If you can budget a bit more, seriously consider the 67Hp HPGC AC motor and curtis controller. you would get AC for around the same cost as a similar power DC system. The only limitation is it is a fairly low voltage (108 nominal) system. However in a gazelle replica weighing sub 2000lbs, that will be plenty of power.

If you haven't, attend an OEVA meeting and bring your ideas. You have some well known and very active EVers in your local community.

Good luck


----------



## anachlores (Sep 8, 2012)

Thanks for the reply.
I agree, with your conclusion about the batteries. I was under the impression AGMs didn't need a BMS, but since they do, I'm planning on switching to around 28 100AH wilson lifepo4 for a nominal of around 95-100v, though I could probably get away with a nominal of 80 and be fine for suburb driving. The price isn't nearly as bad as I thought it would be and I don't think it'll be much of an issue considering how much I'm putting into this anyway.

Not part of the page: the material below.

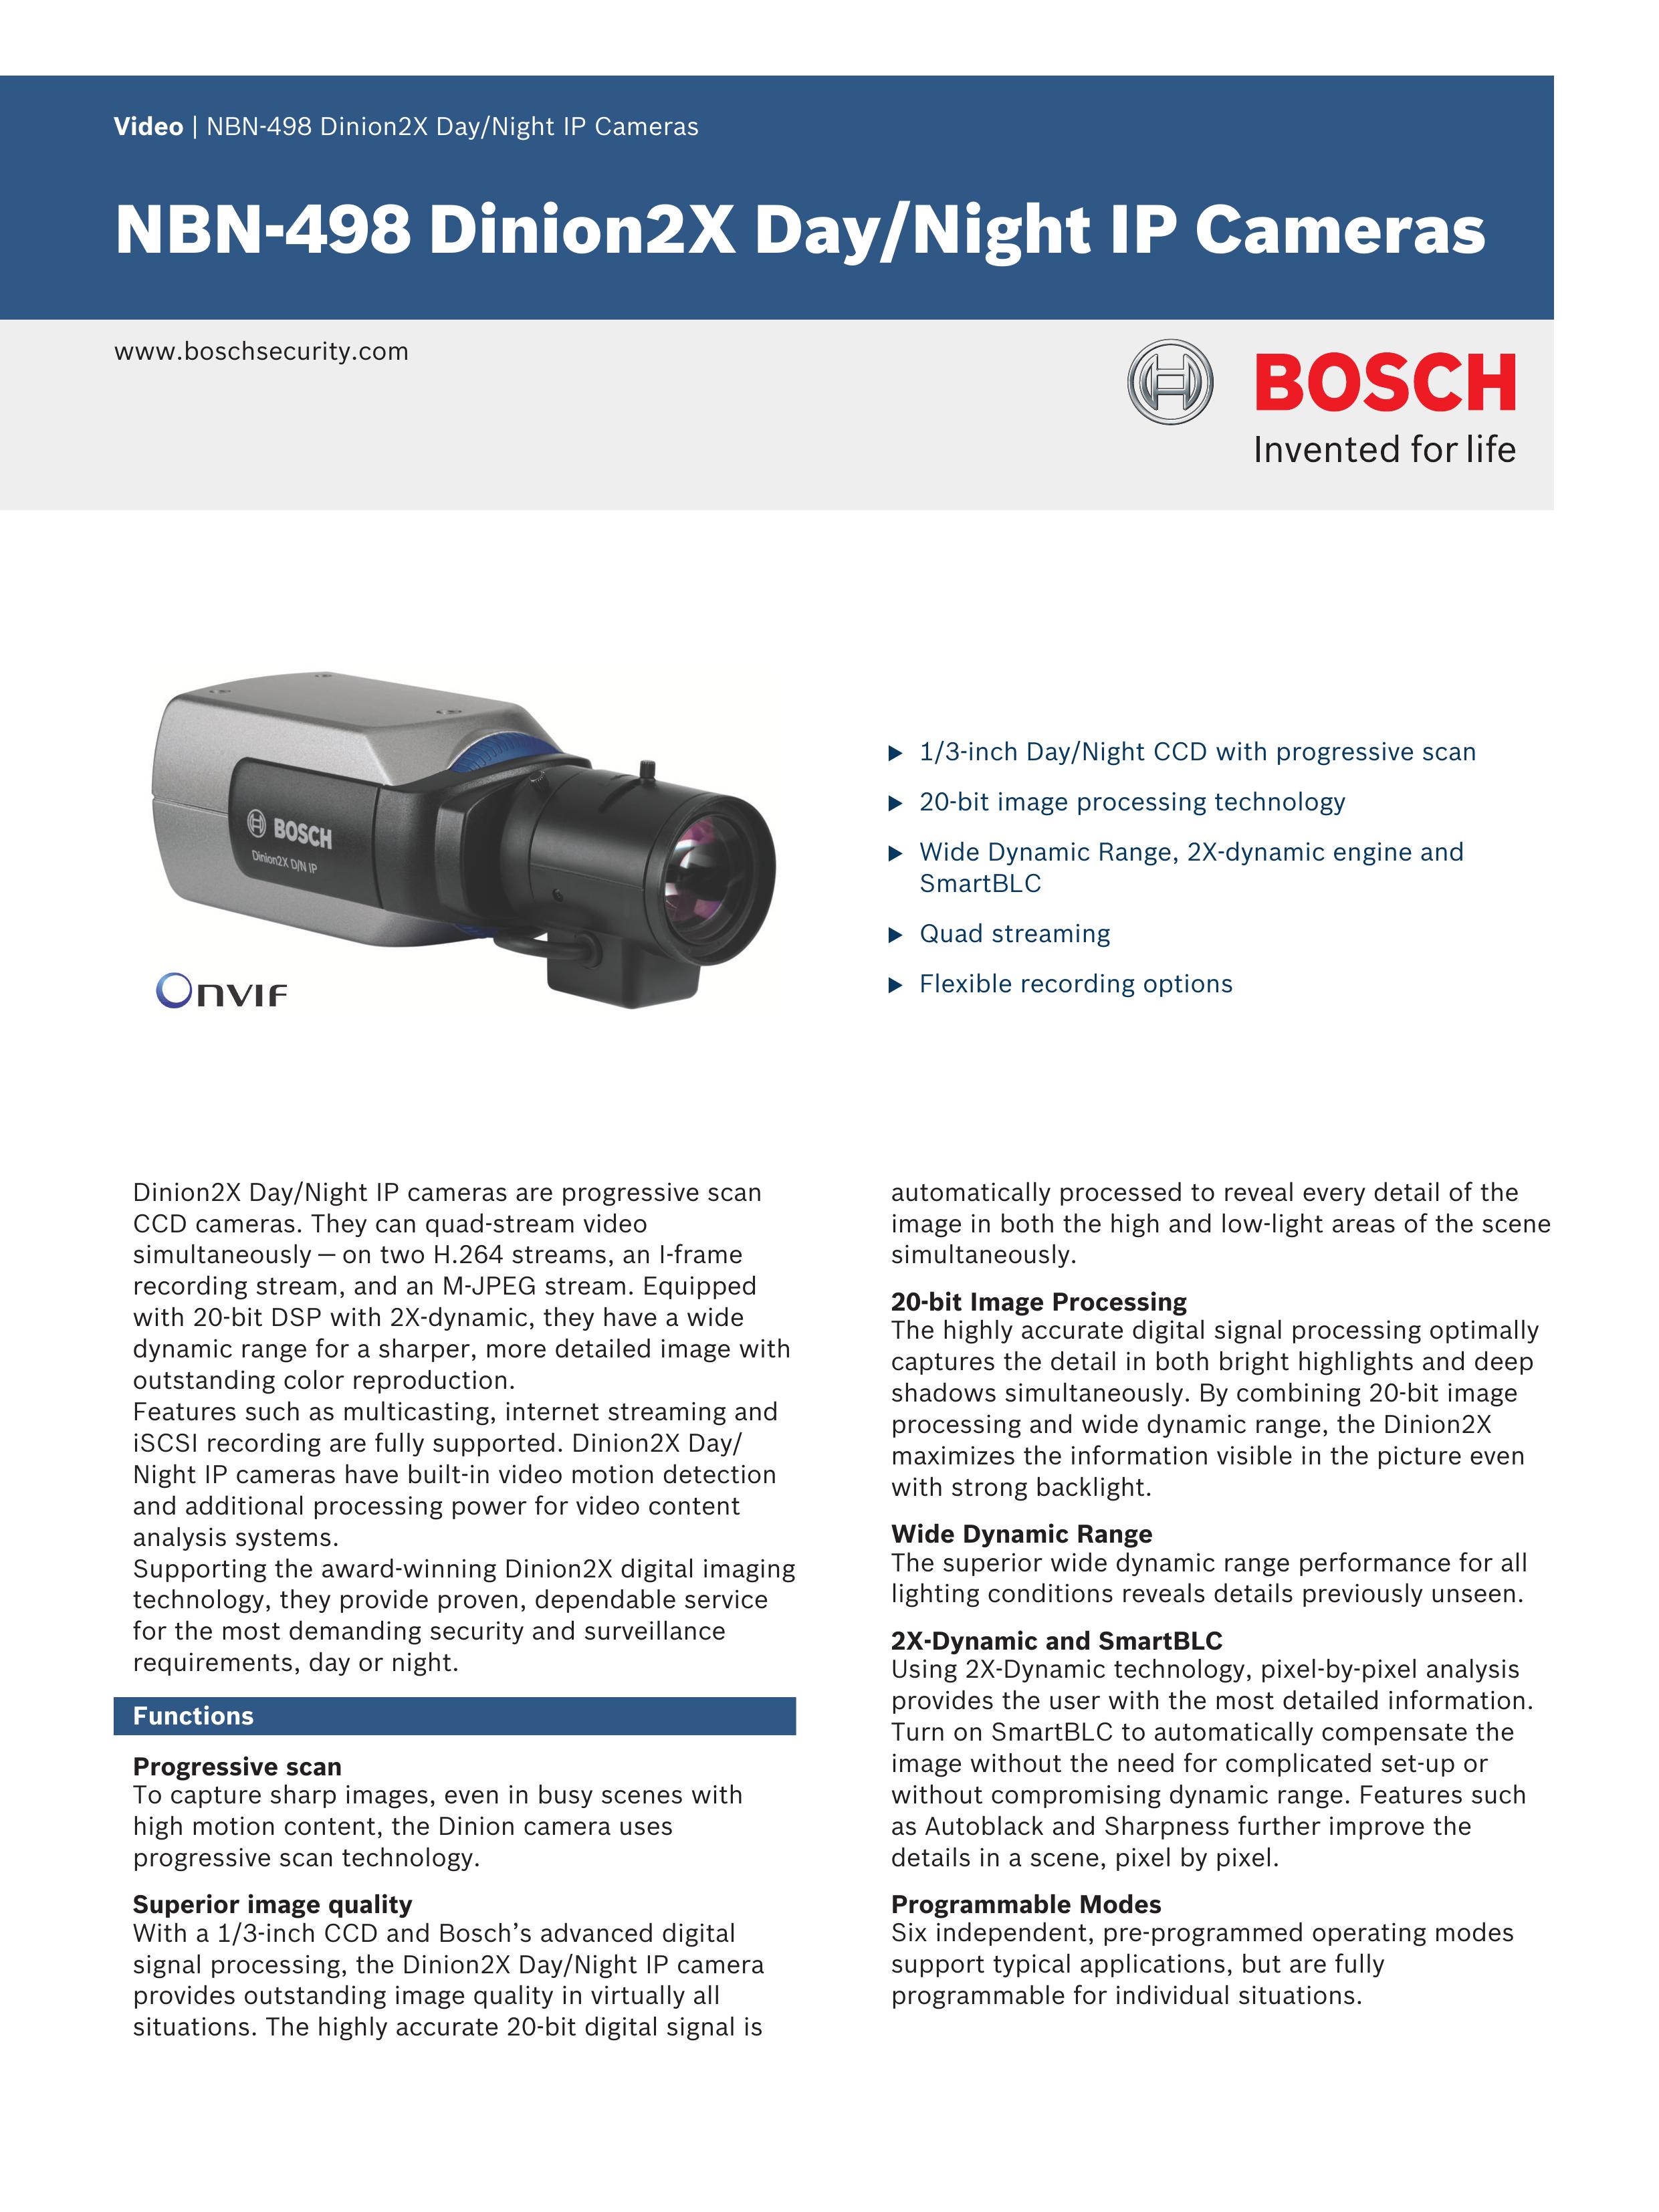 Bosch Appliances NBN-498 Security Camera User Manual
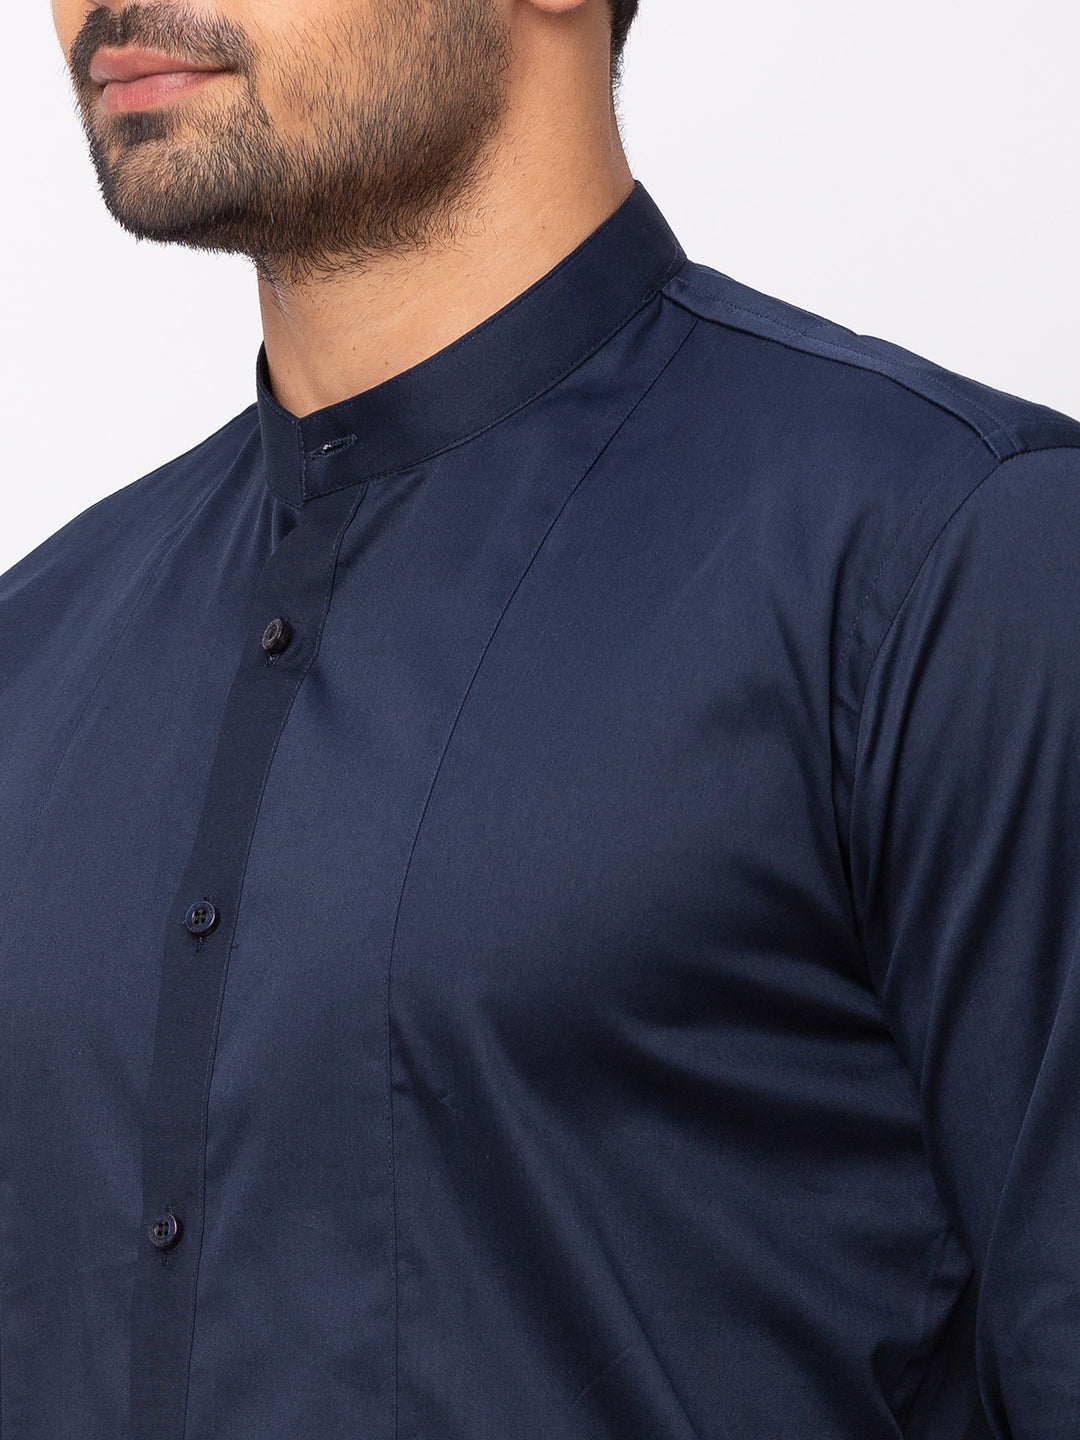 Navy Blue Formal Shirt with Mandarin Collar

I'm still smitten with the idea of loosing the trannie and going with direct chain drives. Not so much due to weight, but to get rid of as much as I can of the old, crotchety ICE remainders. That and I know chain drives well. I don't mind the fabrication work that I know will be the trick in getting this to mount right. I am thinking about twin ADC L91-4003 for my motors since they are small and cheap-ish but should be able to provide enough kick if I need it. 2 of them will probably cost me slightly under $2000. I did the math and I think 5:1 is ideal, giving me 25-35mph at 1.75k-2.5k rpm at the motor shaft with 24" OD wheels. 4:1 will get me 1.4-1.9k rpm at the shaft but higher speeds are pretty much out of the question. I may have to test it out once I get everything built.

I'm hoping to run them in parallel off a single controller. I may run into speed synch issues and I know if one wheel looses traction, I could burn out the controller, but this is a fair weather, road only vehicle anyway. I may also switch to the soliton 1. I feel like I won't need more than the 250amps/motor the jr. can provide, but I'll need to do some torque calculations for hills to be safe and avoid stalling in traffic like a tool in a manual.

I estimate the body will end up at around 4-600 pounds or less, depending on how fancy I get with the interior and diy hardtop roof. Batteries will weigh in at ~230lb, not including the BMS and stupid amount of copper I'll need. frame and chassis weight is highly variable due to availability of donor vehicles and how crazy I go in overbuilding the frame.

As far as fabrication, I can source the 5:1 chain gearing fairly easily, the only trick will be getting the CV joints on the frame and the sprockets interfaced to the motor and cv shafts.

I do hope to get around to an OEVA meet, but it's a bit far away and I'd take me a while on the bus. I'll get around to it eventually. I won't be able to start building anytime soon anyway. Insuring the donor car at my age will cost an arm and a leg.


----------



## anachlores (Sep 8, 2012)

Just a quick conceptual update...

Pack voltage is to be upgraded to 160v or higher @ 100AH. A far cry from my original 96v @ 100AH, but this seems to be the sweet spot for range vs. cost and weight. I still hope to go with the balqon/winston batteries, though their stock seems to flux a lot. If not, Calb it is.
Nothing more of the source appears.